I vaguely remember that as an undergraduate knowing only a little relativity, I trusted the train's perspective because it's at rest in that perspective, and Courtenay said that this was ultimately correct after a lot of details got resolved. But I do not remember all of these details such that I could work it out for myself. So I'm looking for some discussion that's a little more well-sourced or authoritative.
What is this paradox called, and what literature has addressed the issue?
Answer
This is Wolfgang Rindler's "grid paradox", discussed on Wikipedia here and both proposed and resolved on this PDF by Rindler. Its resolution is the exact opposite of what you're saying; if you remember being "right" then you must have instead trusted the ground's perspective, not the train's.
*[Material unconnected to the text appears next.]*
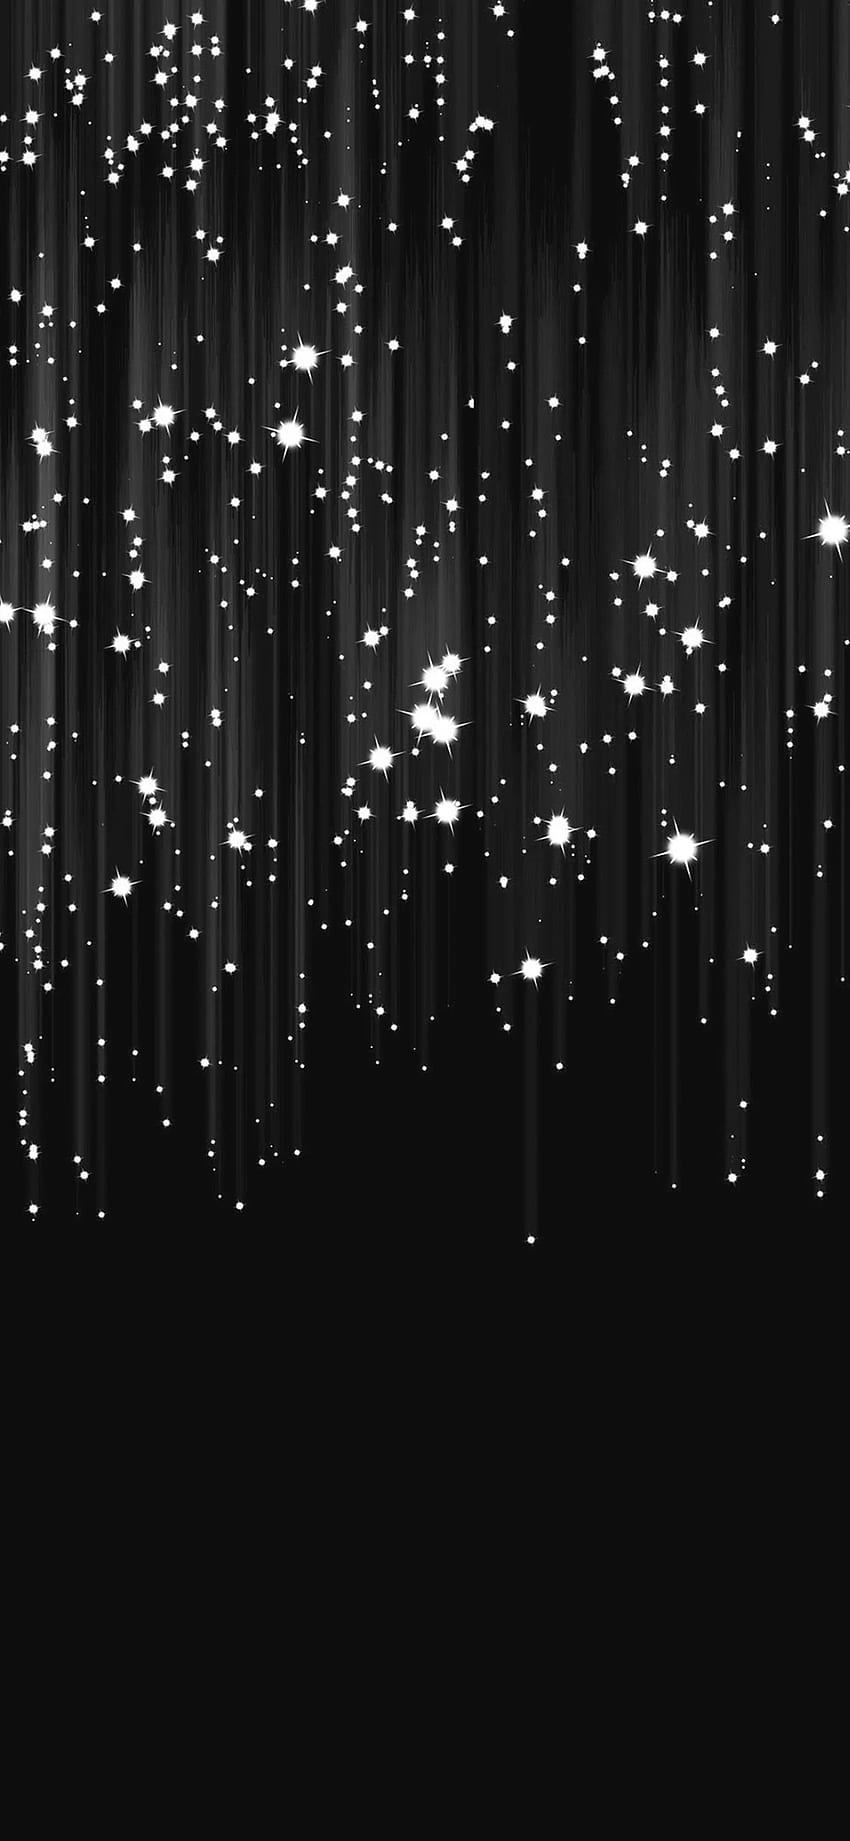 iPhone 8 . hujan meteor bintang gelap, Bintang Hitam wallpaper ponsel HD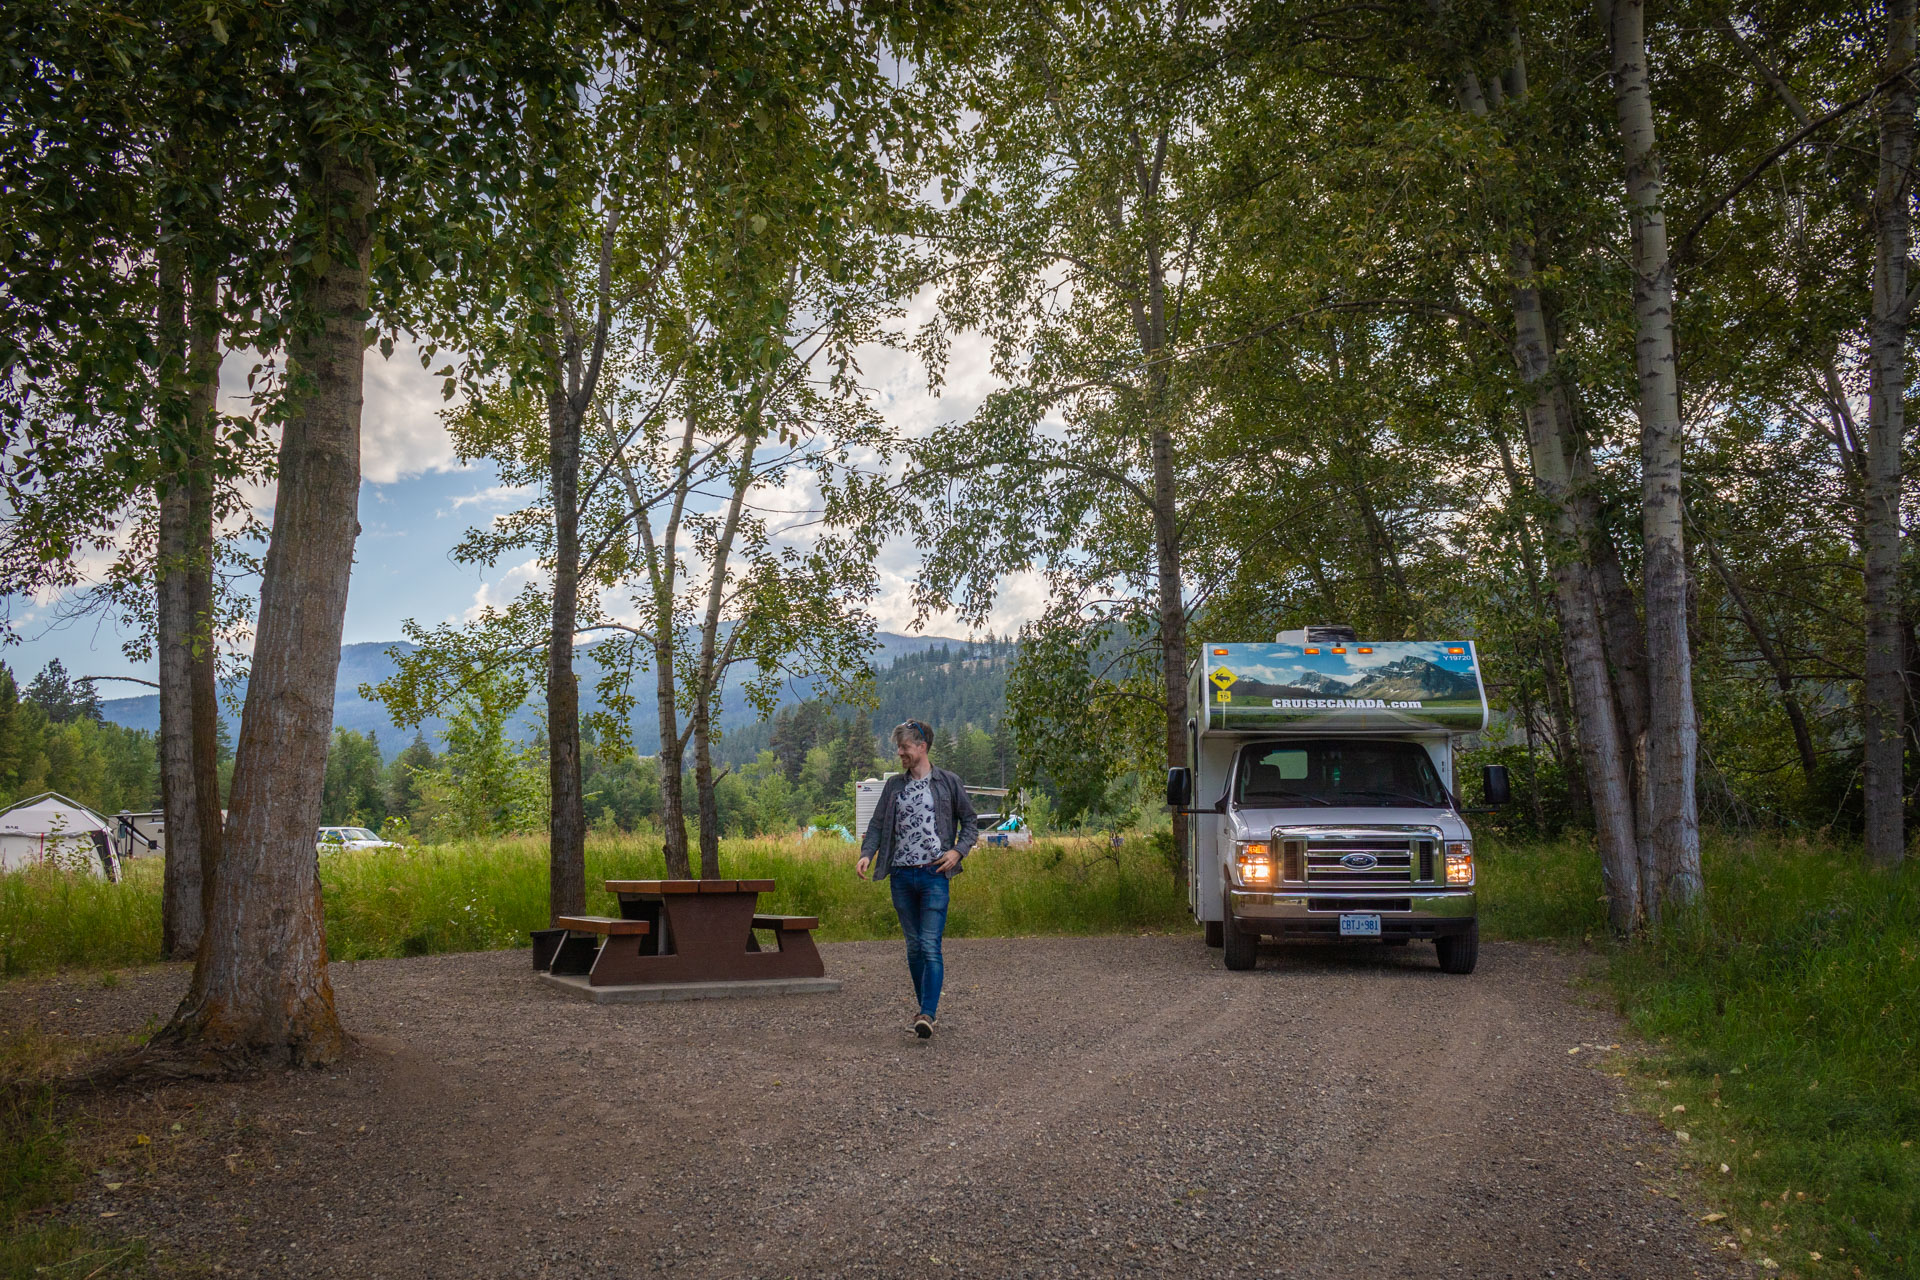 Hugo op een camperplek tussen de bomen met een camper van CruiseCanada naast hem op Fintry Campground, een mooie stop tijdens een rondreis Canada met camper

The problem is essentially that our notion of "rigid" does not continue into the relativistic framework, since it requires instantaneous information transmission. Suppose we simply have two atoms which are attached together by some potential $U(|\vec r_2 - \vec r_1|)$ with a strong minimum at a distance $a,$ maybe we can say $U(L) = \frac12 k (L - a)^2.$
In Newtonian mechanics this would create rigidity for large $k$, but in special relativity, we have a time $\tau = a/c$ during which we can manipulate the one atom without any effect on the other atom. Let us just assume that both particles have mass $m$ and are at rest in the center-of-mass frame; then we give the "right" one an instantaneous impulse $\Delta p$. Then the particles attain a spacing of $\ell = \tau\Delta p/m$ before any signal reaches the "left" one informing it about our impulse. When this happens, a powerful restoring force should draw the "left" particle forward and the "right" particle backward, and to conserve momentum we're probably going to need a field in the middle to carry the momentum as it gets transferred back and forth. The mathematics here are complicated and I don't know that I've ever actually seen the full example worked out. However, the point would be that there is a certain "flexibility" mandated by relativistic information limits, and possibly an increase in the gradient of the gravitational field due to length contraction, which might both drive the leading edge of the train to bend sharply down into the gap, causing the inevitable carnage.